A couple of FATE operations can perform actions on behalf of a "user", these operations are: AENS_PRECLAIM, AENS_CLAIM, AENS_UPDATE, AENS_TRANSFER, AENS_REVOKE, ORACLE_REGISTER, ORACLE_RESPOND, and ORACLE_EXTEND. The first argument of these operations is a delegation signature - the signature "proves" that the user is allowed to manipulate the object (name or oracle). Naturally, if the contract itself is the owner of the name/oracle the signature is not needed. Otherwise, the user signs (using the private key) data authorizing the operation. Note: it is not possible to make a delegation signature using a generalized account.

There are five different delegation signatures: - AENS_PRECLAIM - the user signs: owner account + contract - AENS_CLAIM,AENS_UPDATE, AENS_TRANSFER, AENS_REVOKE - the user signs: owner account + name hash + contract - AENS wildcard (valid for any name) - the user signs: owner account + contract [New in FATE_03] - ORACLE_REGISTER, ORACLE_EXTEND - the user signs: owner account + contract - ORACLE_RESPOND - the user signs: query id + contract

To protect about cross network re-use of signatures, the data to be signed is also prefixed with the network id.
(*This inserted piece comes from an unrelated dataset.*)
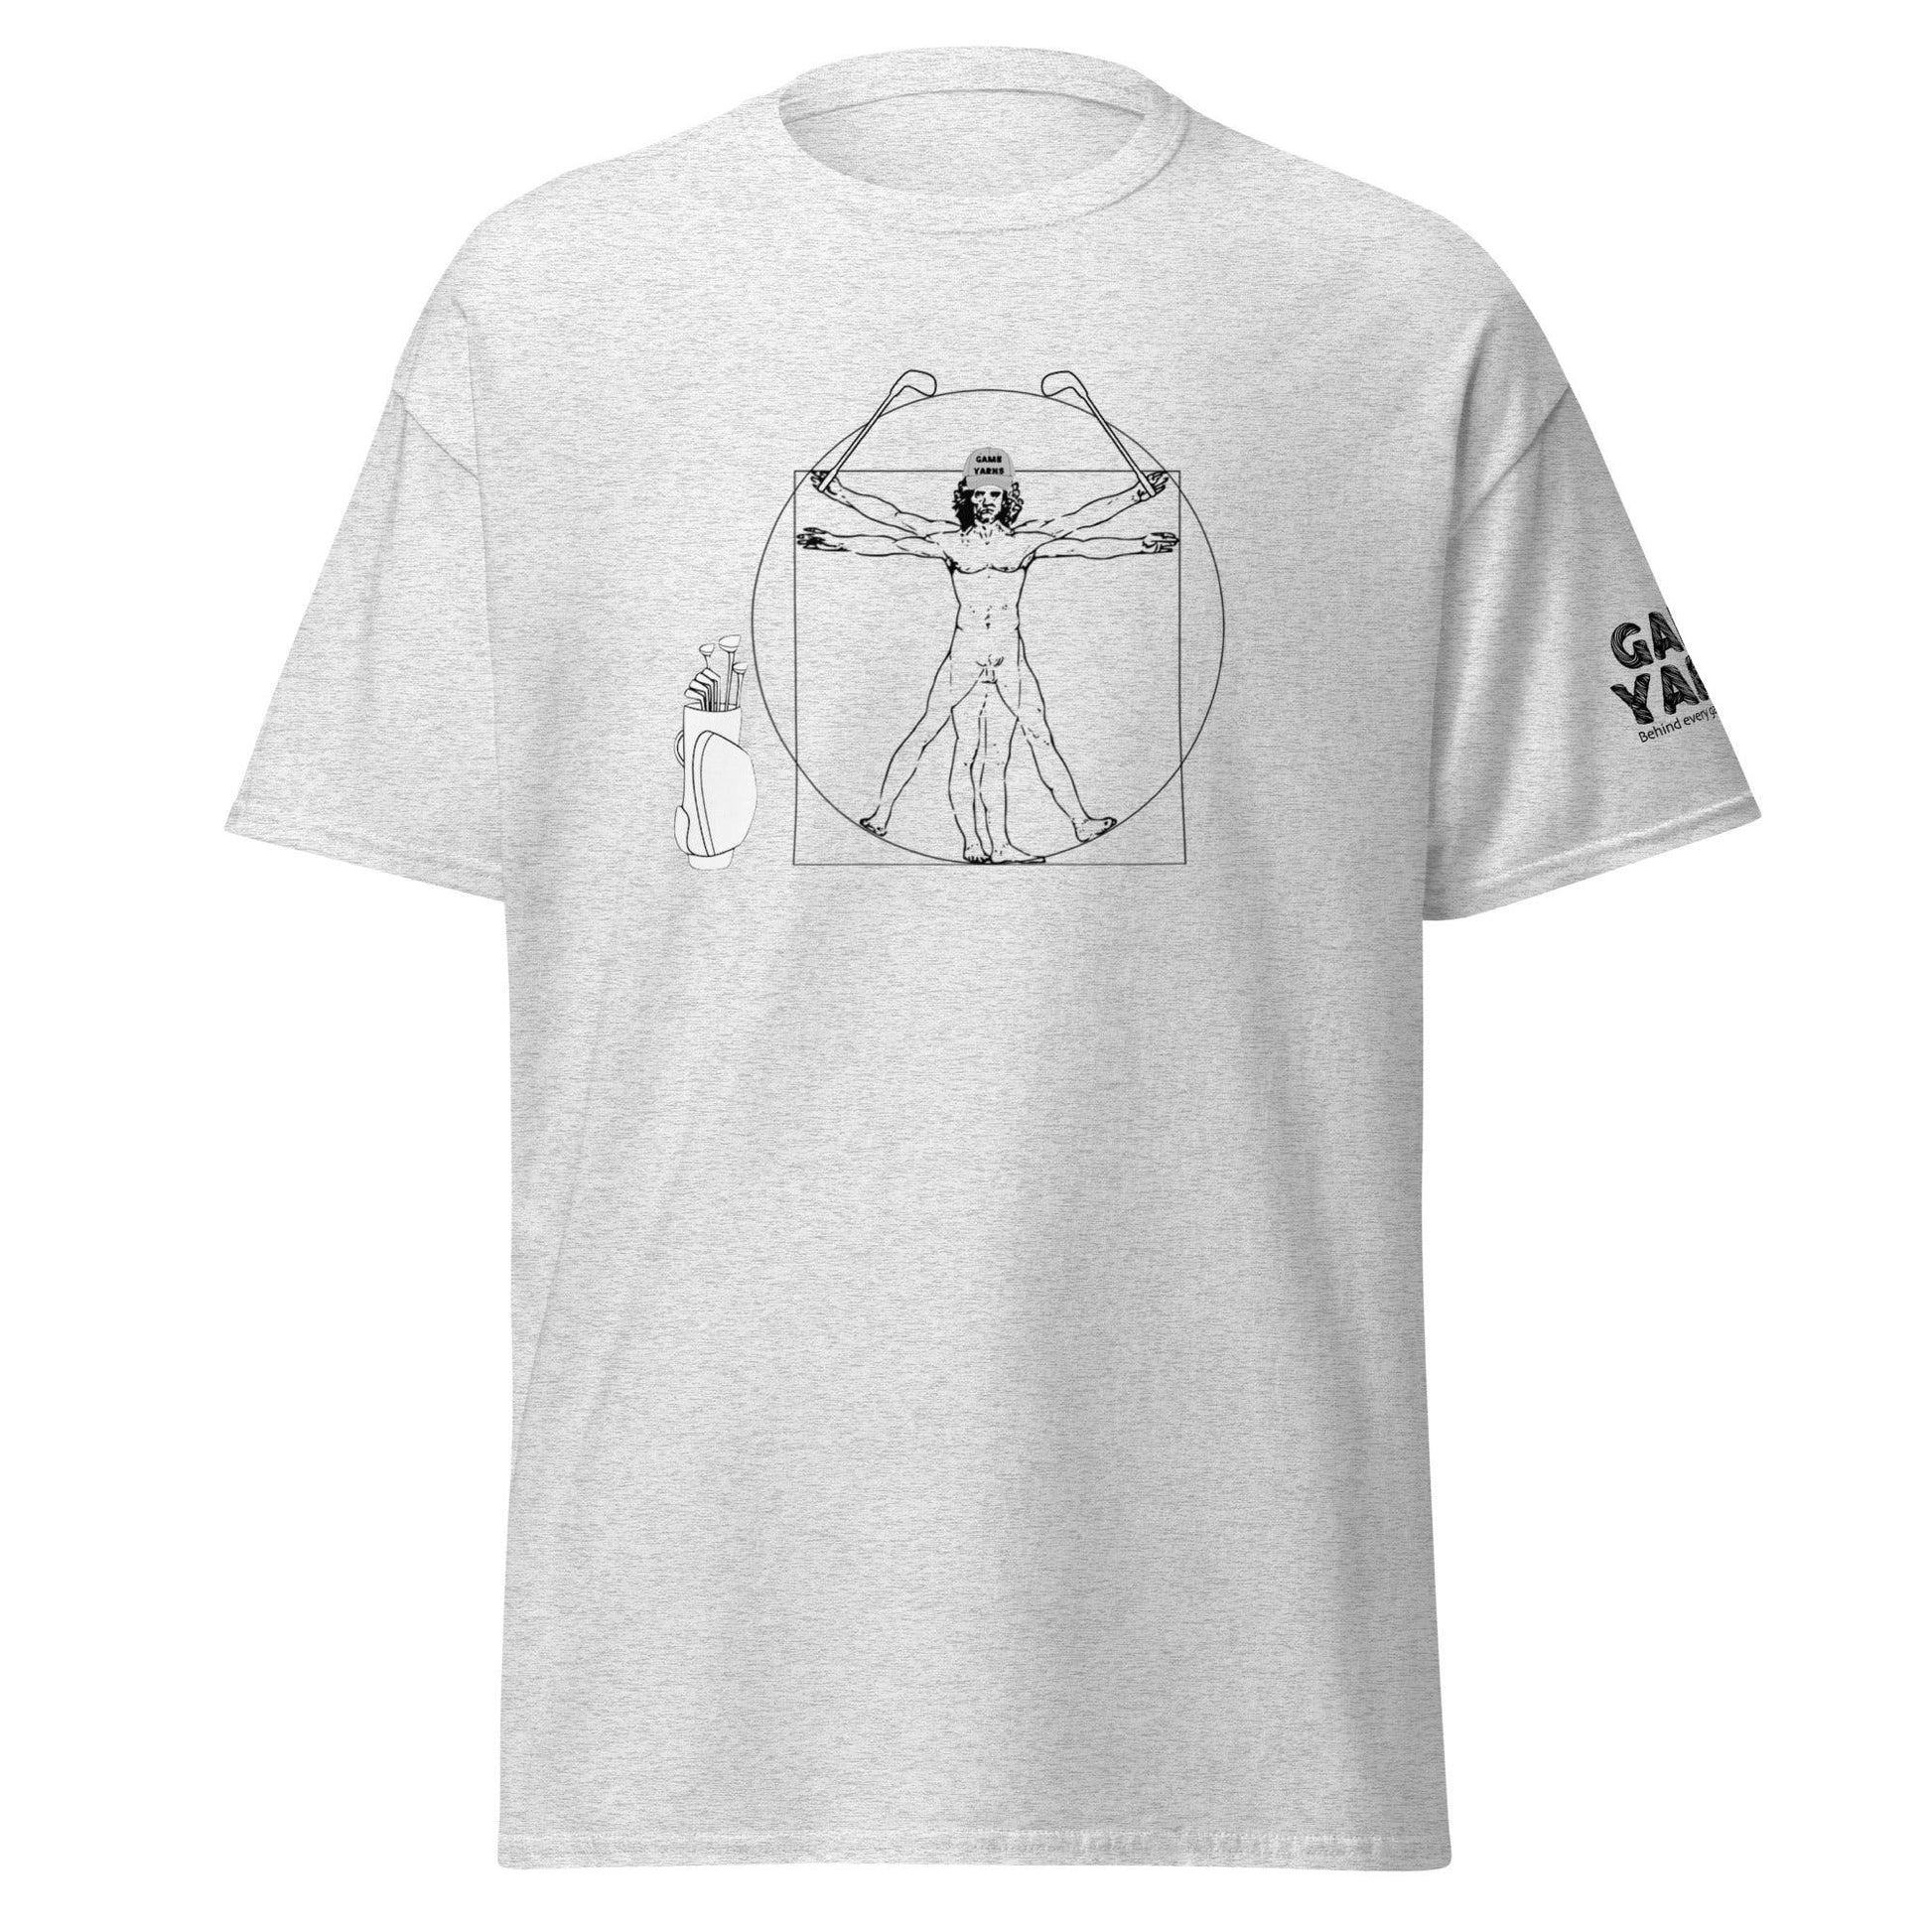 Vitruvian Golfer t-shirt by Game Yarns

From Ceres: Serialized signature data

From Ceres/FATE_03 the material to be signed is more structured; the reason is two-fold, (a) to make it easier for the signer to see the what is signed and why, and (b) to safeguard against spoofing a transaction as a delegation signature (their structure was similar). Note: the semantic data to be signed has not changed from the description above, only the exact bytes to be signed and its structure.

For general information about serialization, RLP encoding, etc, see the general serialization document.

We use the tag 0x1a01 to identify delegation signatures. We use the following tags/types to identify the different delegation signatures:

Tag Delegation type
1 aens wildcard
2 aens name
3 aens preclaim
4 oracle
5 oracle response

For serialization we use a schema similar to chain object serialization with the tags in the table above and version is 1. I.e. S = rlp([tag, vsn] ++ fields) with fields as described below. The complete binary to sign is:

 0x1a01 + <network_id> + S

AENS Wildcard

[ <account>  :: id()
, <contract> :: id() ]

AENS Name

[ <account>  :: id()
, <name>     :: id()
, <contract> :: id() ]

AENS Preclaim

[ <account>  :: id()
, <contract> :: id() ]

Oracle handling

[ <account>  :: id()
, <contract> :: id() ]

Oracle response

[ <query_id> :: id()     %% using id type 'oracle'
, <contract> :: id() ]

Notation

Some notes on notation and definition of terms used in this document.

Bits

Bits are counted from the least significant bit, starting on 0. When bits are written out they are written from the most significant bit to the least significant bit.

Example the number 1 in a byte would be written in binary as:

00000001
And we would say that bit 0 is set to 1. All other bits 1 to 7 are set to 0.

Word size

The word size of the machine is 8 bits (one byte) but each type and instruction uses words of varying sizes, all multiples of bytes though.